Scorpion beetles and lantern beetles

Everybody is familiar with the beetles or scarabs. They are so many that the great biologist Haldane said once that God, when he created the world, showed "an inordinate fondness for beetles". He created so many of them. There are about 600,000 described species, but probably there are 2 to 3 million species still alive, and mostly undescribed. Majority of unrecorded ones are among staphylinids, weevils, leaf-beetles, and several small genera, some not measuring more than 1 mm, others, the better known ones through collections and merchandises, measure several millimeters, centimetres, even 20 cm or more. Whether small or large, all of them need to be protected from extinction, including described and undescribed fauna. In the Permian, and later on after the Trias, probably they were hundreds of thousands, and probably non-existent at present. They are beetles in English, Käfer in German, bitter in Danish, and most of the languages have given them a common name, except in France. In France beetles are referred to as scarabees, carabes, bousiers, crache-sangs, taupins, coccinelles etc., there being no common name for the entire group of beetles. They are called « bilulus » in Zaire and « binatang » in Papua-New Guinea. In Zaire, during his youth, PJ got a nickname: "bwana biloulou", "Mister beetle", a memorable title. He was also Mr. Binatang in New Guinea, as Gressitt was, and all the beetle men there. Papuans and Congolese were good observers, and they always gave a nickname to the newcomers in their kingdom.
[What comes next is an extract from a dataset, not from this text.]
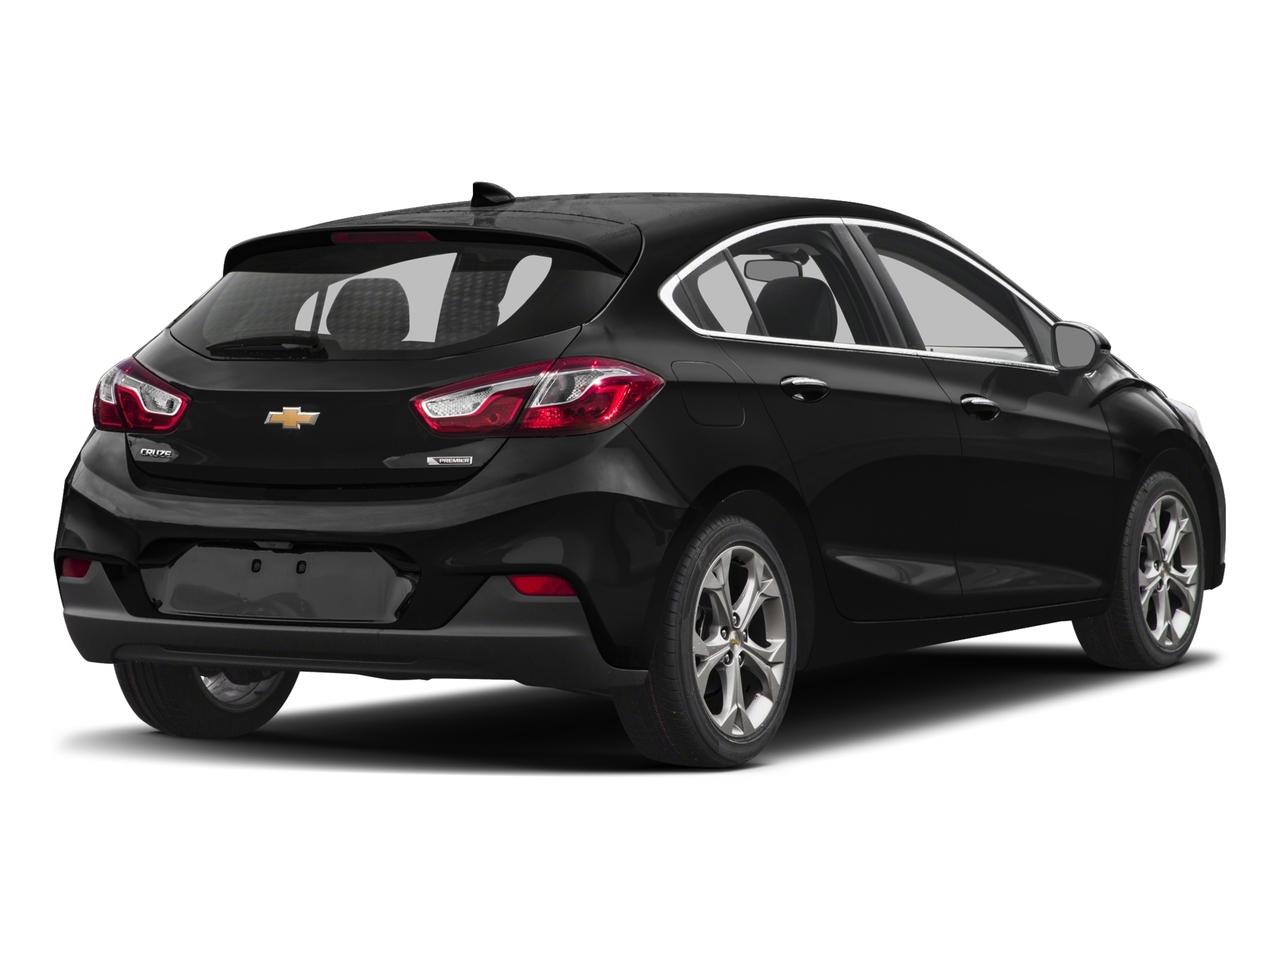 2017 Chevrolet Cruze Vehicle Photo in Ft. Myers, FL 33907

As for all insects, their body is wrapped in a hard shell, made of chitin, but in the beetles this shell is particularily strong and thick. Beetles are chiefly characterized by the first pair of wings, which are very tough and thick;

they are called elytra or wing covers, as they cover the membranous hind wings, carefully folded below the elytra in repose. Special rugosities on the wings and on the underside of the elytra help the folding process and keep the folded wings in place. Generally these insects are totally inoffensive to man, although some of them are provided with sharp and acute spines, which may prick the catcher.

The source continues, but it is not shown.